Picture by Redvers: Turning siding at end of Amersham station
Mud scatters behind them as they run through the doors and gasp for breath, but the train sits in the station for a minute and a half before it leaves. The carriage is almost empty.
Alice is sitting on a newspaper; she pulls it out, crumpled, ink already rubbing off on her hands. It’s folded open to the fashion pages: “girdles are back,” she announces as she throws it over onto an empty seat.
“Sounds good,” David says. “They’re the ones with stockings, right?”
“You’re thinking of garters. Girdles are… you know,” and she nods toward the paper, “if someone decided corsets were too sexy.”
David leans over and picks the paper up. “They’re a prerequisite for this season’s waist-centric fashions?” he reads.
Alice shrugs. “Waists are big this year.”
The girdles are rated out of ten for shaping and comfort. The two numbers seem to be directly opposed. “Call me mad,” David says, “but I tend to buy clothes to fit my shape, instead of changing my shape to fit the clothes.”
Alice leans back as far as the seat design allows, and looks him up and down. “You’re a man,” she says.
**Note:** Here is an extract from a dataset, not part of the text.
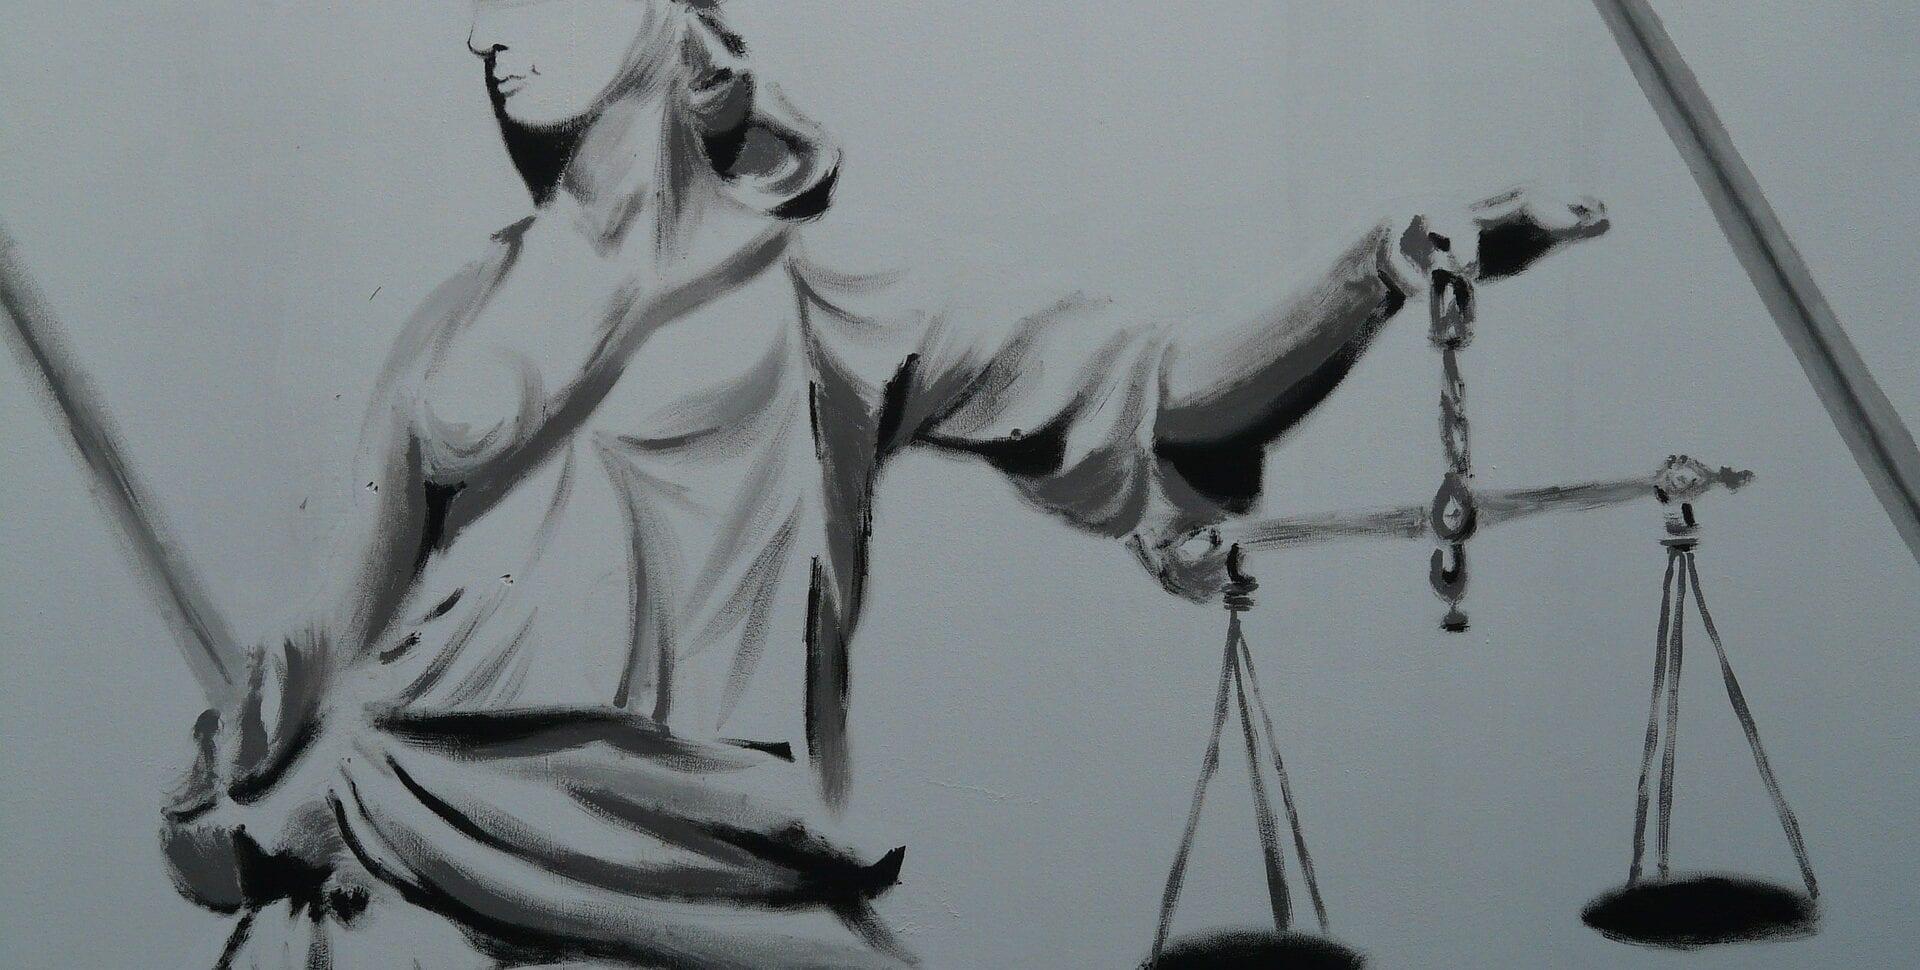 violencia de género justicia

“Yeah,” he says. “Also: single, heterosexual, good at cooking, decently paid, quite keen on children, tall and with no facial hair. I don’t even play video games. According to this sort of thing,” and he shakes the paper, “I’m the demographic you lot are supposed to be trying to appeal to. I’m pretty sure wrapping yourselves in layers of flesh-coloured elastic is almost exactly the wrong way to go about it.”
Alice grins, and takes the paper back. “You say that,” she says, “and you get to sound noble and pretend you like women the way they are, but shoes with heels are basically the same thing. Arse out, tits up, lower apparent BMI, hurts your back a bit if you keep it up too long.”
“I don’t like high heels either,” David says.
Alice pffts. “What’re your women supposed to wear their garters with, then? Hiking boots?”
David blushes, and tries very hard not to look at her feet.